Rahmat was kidnapped by four men who told him he would be killed later.

When he phoned Banaz to warn her, she went to the police and said she would co-operate in bringing charges against her family and other members of the community.

The policewoman who saw Banaz tried to persuade her to go into a hostel or safe house but she apparently thought she would be safe at home because her mother was there.

She returned to the family home and was murdered just days later.

Banaz’s older sister Bekhal also gave evidence at the trial, putting her own life at risk by testifying against her family in court.
Bekhal hiding in the burka

She was a very calm and quiet person,’ Bekhal says of her sibling. ‘She loved to see people happy and didn't like arguments, she didn't like people raising their voices, she hated it.

‘She just wanted a happy life, she just wanted a family.’

Bekhal is still living in hiding five years after her uncle and father were convicted and says she 'watches her back 24/7’.

Detective Chief Inspector Caroline Goode was instrumental in in getting justice for Banaz and won a Queen's Award for her efforts.

‘I do think that we are only scratching the surface of this. One of the difficulties is that these things aren't often reported,’ she told reporters in 2007.

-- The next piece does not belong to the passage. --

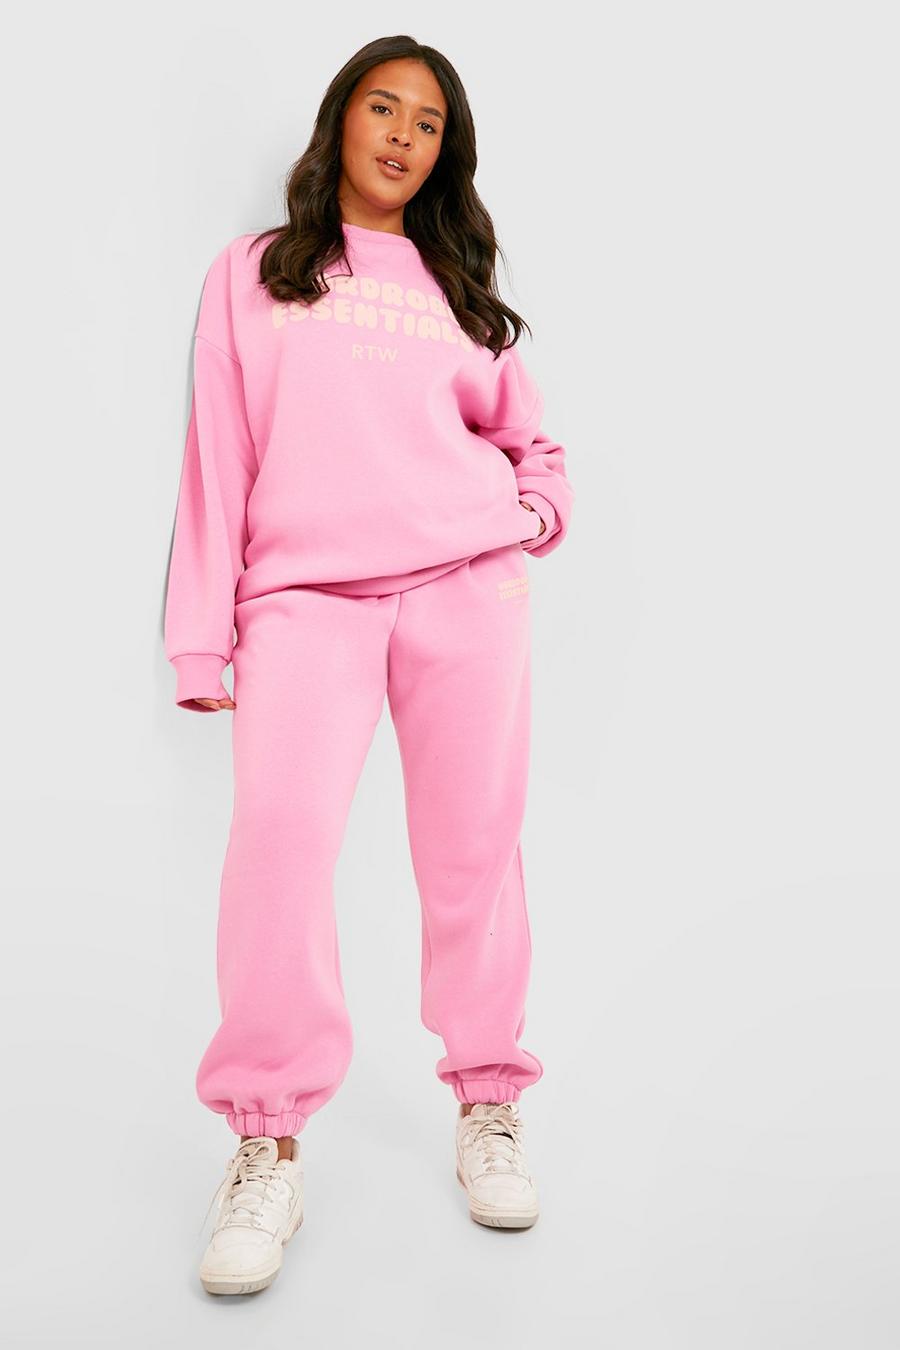 Tuta sportiva in felpa Plus Size con slogan Wardrobe Essentials, Pink rosa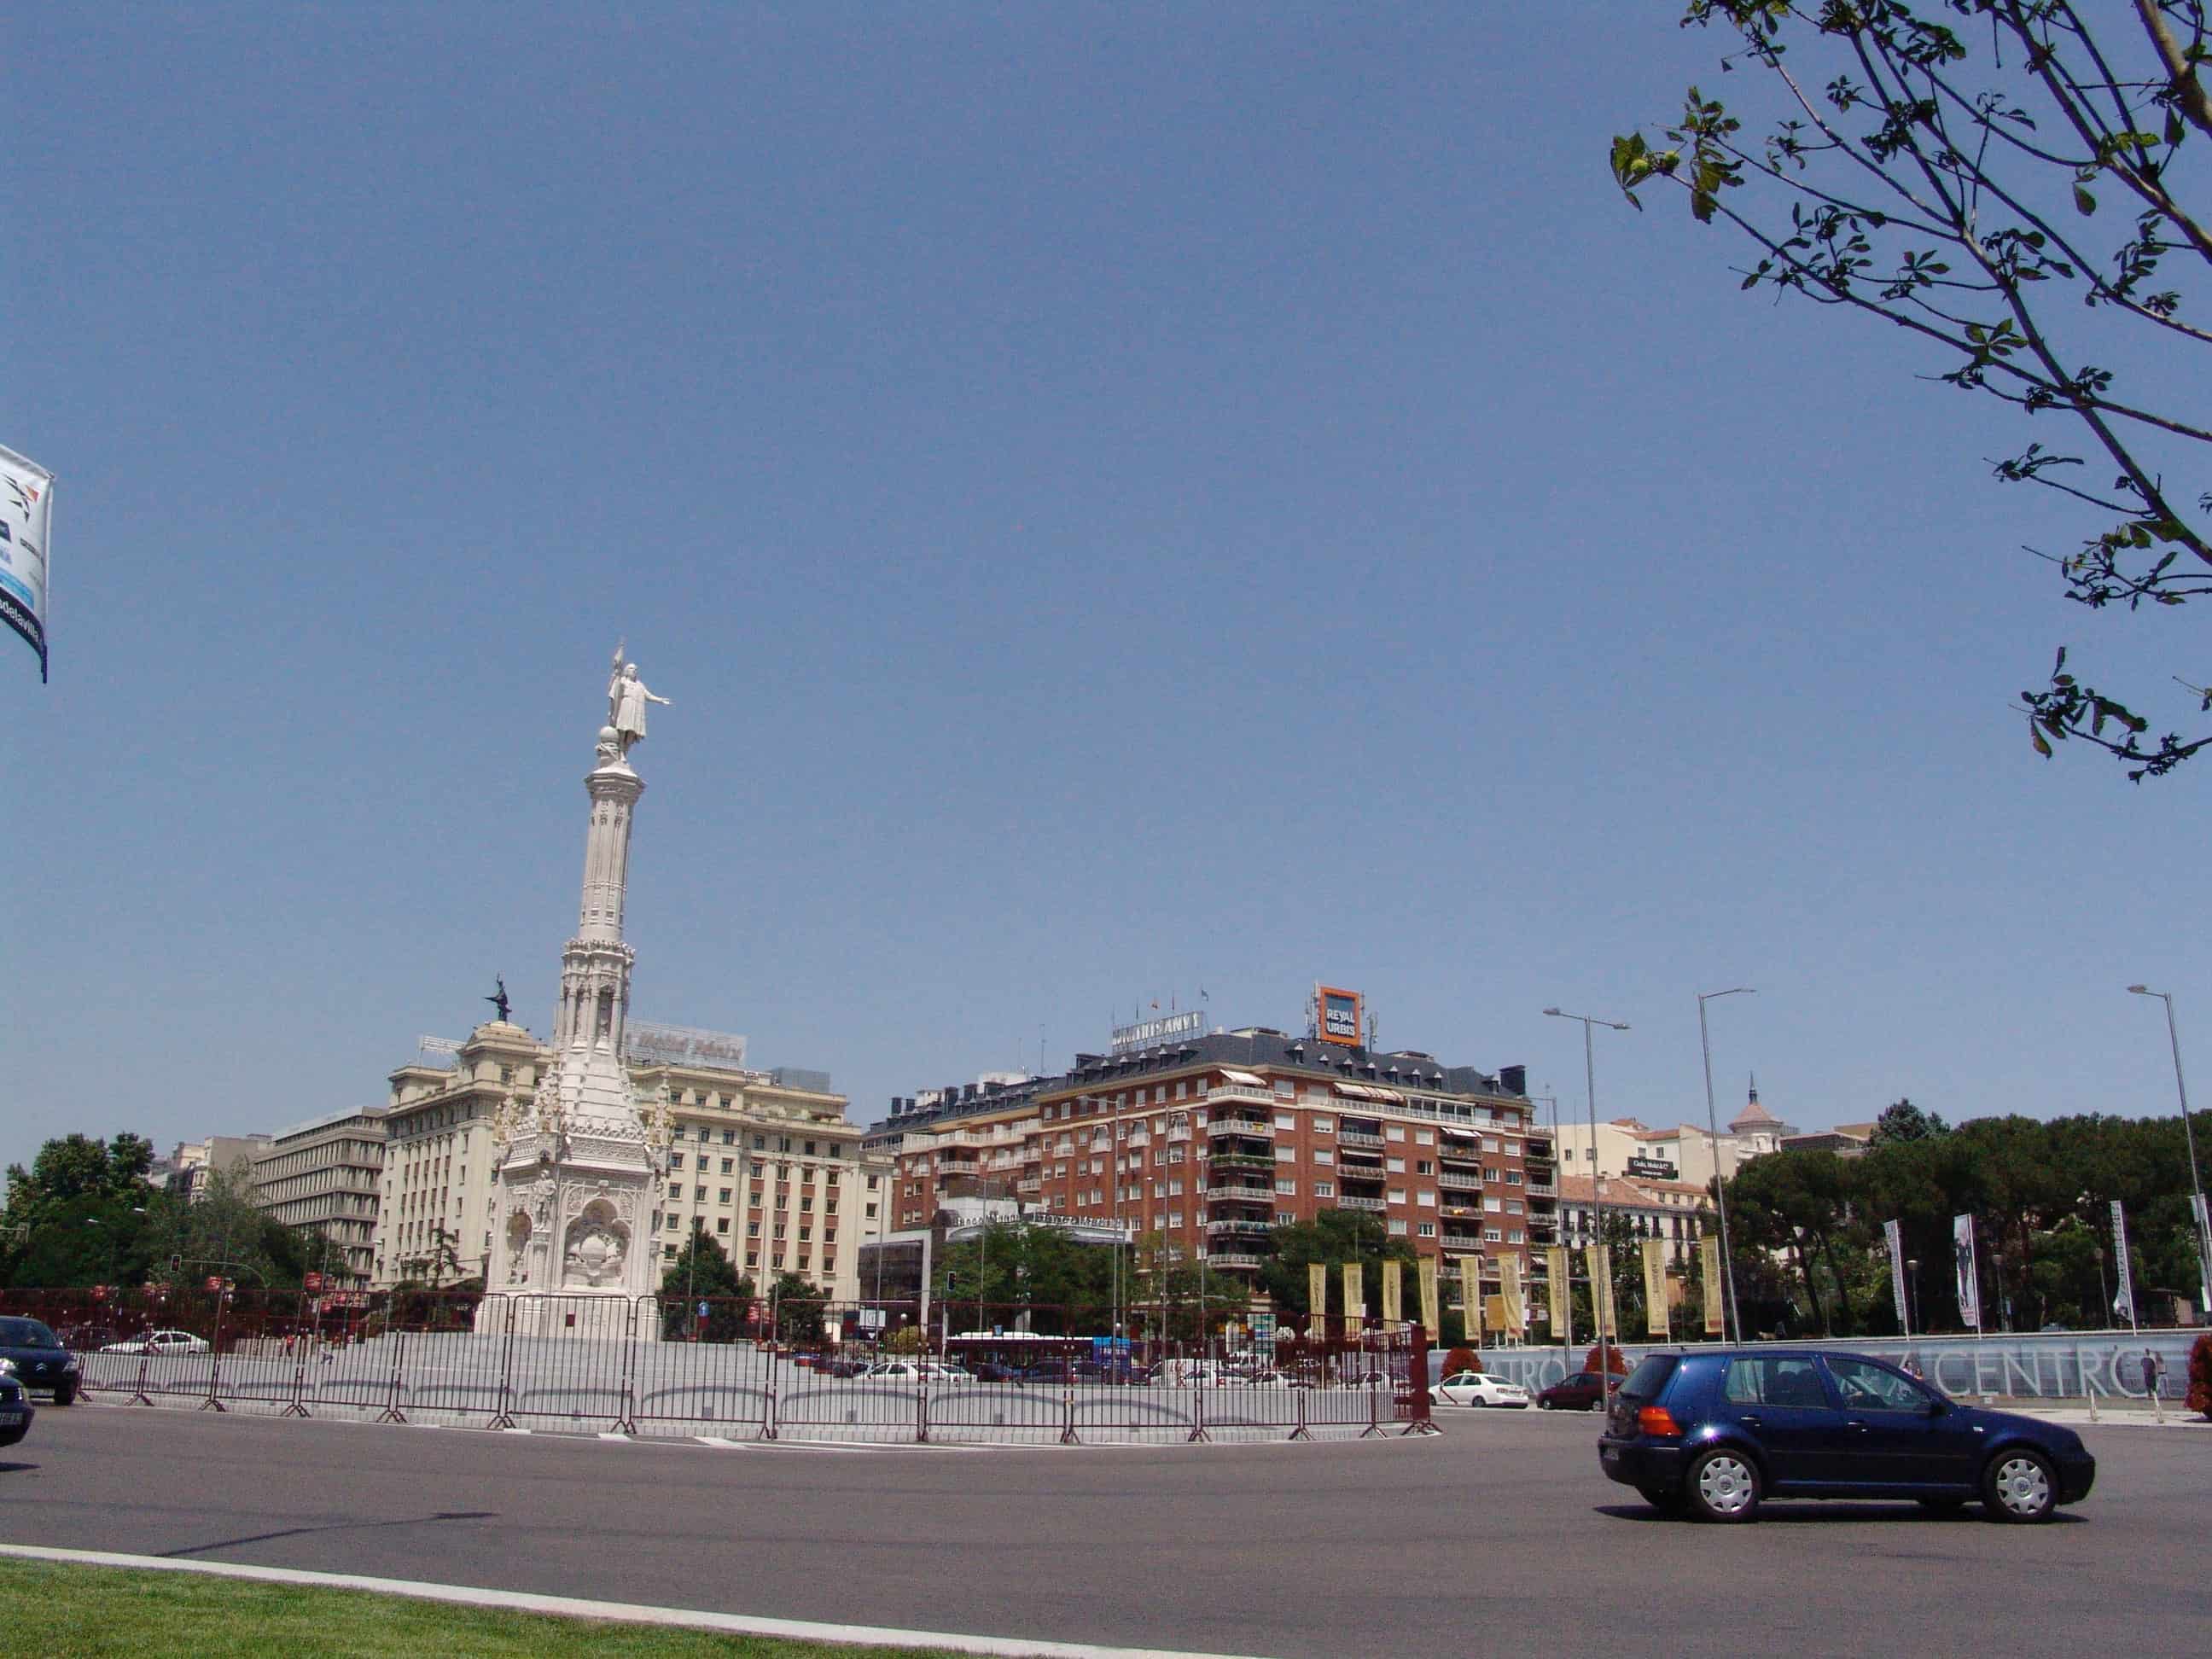 Plaza de Colón in Madrid, Spain

‘In Banaz's case, if her boyfriend hadn't reported it, we would never have known that she was missing.’


‘Despite the horror, what emerges is a story of love,’ Deeyah adds. ‘What has upset me greatly from the very beginning of this project is how absent Banaz was from her own story.


‘Whenever you see a film about someone who has passed you will always have family, friends, people who knew the person, sharing their love, their memories and thoughts about the person who has died; they have home videos, photos.

‘That was just not the case here at all. The only person speaking for Banaz who had known her alive was her sister. Other than that, everyone else in the film came to know Banaz after she had died.

The documentary won an Emmy in 2013 for Best International Current Affairs Documentary. You can find it here. It is 1hr 8min long but doesn't feel like it.


At the end of the video Deeyah tells us that it is not just an Islamic problem but such attitudes exist in all social groups. That is right, of course, but the list of dozens of victims of honour killing that scrolls at the end of the documentary is almost entirely Islamic.